┌─ Data extracts
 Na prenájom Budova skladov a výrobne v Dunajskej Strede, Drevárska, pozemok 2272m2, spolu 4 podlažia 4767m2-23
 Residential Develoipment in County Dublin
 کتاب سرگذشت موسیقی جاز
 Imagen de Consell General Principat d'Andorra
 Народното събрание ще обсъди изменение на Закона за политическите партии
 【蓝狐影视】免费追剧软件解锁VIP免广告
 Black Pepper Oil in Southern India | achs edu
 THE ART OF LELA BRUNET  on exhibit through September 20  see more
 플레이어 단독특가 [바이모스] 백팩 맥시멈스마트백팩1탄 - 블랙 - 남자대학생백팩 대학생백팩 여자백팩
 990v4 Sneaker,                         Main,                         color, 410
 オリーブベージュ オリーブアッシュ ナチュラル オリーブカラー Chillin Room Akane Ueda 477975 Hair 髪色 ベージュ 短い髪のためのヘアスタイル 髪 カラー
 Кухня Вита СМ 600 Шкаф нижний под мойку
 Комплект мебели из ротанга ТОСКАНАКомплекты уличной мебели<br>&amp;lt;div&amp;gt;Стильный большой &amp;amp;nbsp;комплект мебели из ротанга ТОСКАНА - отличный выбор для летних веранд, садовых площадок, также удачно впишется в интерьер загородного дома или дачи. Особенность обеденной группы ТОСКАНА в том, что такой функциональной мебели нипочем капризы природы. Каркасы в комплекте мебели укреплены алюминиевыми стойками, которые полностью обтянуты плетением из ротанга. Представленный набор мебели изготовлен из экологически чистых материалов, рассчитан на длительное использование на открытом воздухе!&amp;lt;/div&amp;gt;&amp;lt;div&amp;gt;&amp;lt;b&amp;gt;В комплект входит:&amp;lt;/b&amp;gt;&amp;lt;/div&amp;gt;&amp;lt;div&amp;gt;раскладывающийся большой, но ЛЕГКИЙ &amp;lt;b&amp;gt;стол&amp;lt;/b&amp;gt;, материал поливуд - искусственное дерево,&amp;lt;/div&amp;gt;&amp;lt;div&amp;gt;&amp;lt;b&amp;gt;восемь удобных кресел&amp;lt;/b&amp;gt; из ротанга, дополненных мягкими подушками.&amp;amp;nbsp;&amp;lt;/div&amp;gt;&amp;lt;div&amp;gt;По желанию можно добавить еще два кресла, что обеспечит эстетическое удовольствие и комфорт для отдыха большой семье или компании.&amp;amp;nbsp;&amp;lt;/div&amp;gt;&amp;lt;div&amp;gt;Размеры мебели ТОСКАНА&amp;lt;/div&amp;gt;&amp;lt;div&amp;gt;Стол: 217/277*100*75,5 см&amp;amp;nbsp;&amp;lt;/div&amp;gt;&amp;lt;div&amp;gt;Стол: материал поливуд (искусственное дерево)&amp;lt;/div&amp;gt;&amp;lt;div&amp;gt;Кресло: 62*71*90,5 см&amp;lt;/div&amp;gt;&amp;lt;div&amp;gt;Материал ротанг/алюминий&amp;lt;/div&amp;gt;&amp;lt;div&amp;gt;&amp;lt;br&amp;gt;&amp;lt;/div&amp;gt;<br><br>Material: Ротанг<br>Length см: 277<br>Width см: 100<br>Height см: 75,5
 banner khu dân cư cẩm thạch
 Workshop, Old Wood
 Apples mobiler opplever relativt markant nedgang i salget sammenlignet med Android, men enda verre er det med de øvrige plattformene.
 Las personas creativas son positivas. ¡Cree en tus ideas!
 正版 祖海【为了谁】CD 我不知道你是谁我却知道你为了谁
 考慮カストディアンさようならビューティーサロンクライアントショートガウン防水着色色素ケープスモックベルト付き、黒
└─
-- What is required --
In the data above, start at the line that has "THE ART OF LELA", stop after the line that has "Кухня Вита СМ 600 Шкаф нижний под мойку", and print every line in between exactly as it stands.

-- Answer to this task --
 THE ART OF LELA BRUNET  on exhibit through September 20  see more
 플레이어 단독특가 [바이모스] 백팩 맥시멈스마트백팩1탄 - 블랙 - 남자대학생백팩 대학생백팩 여자백팩
 990v4 Sneaker,                         Main,                         color, 410
 オリーブベージュ オリーブアッシュ ナチュラル オリーブカラー Chillin Room Akane Ueda 477975 Hair 髪色 ベージュ 短い髪のためのヘアスタイル 髪 カラー
 Кухня Вита СМ 600 Шкаф нижний под мойку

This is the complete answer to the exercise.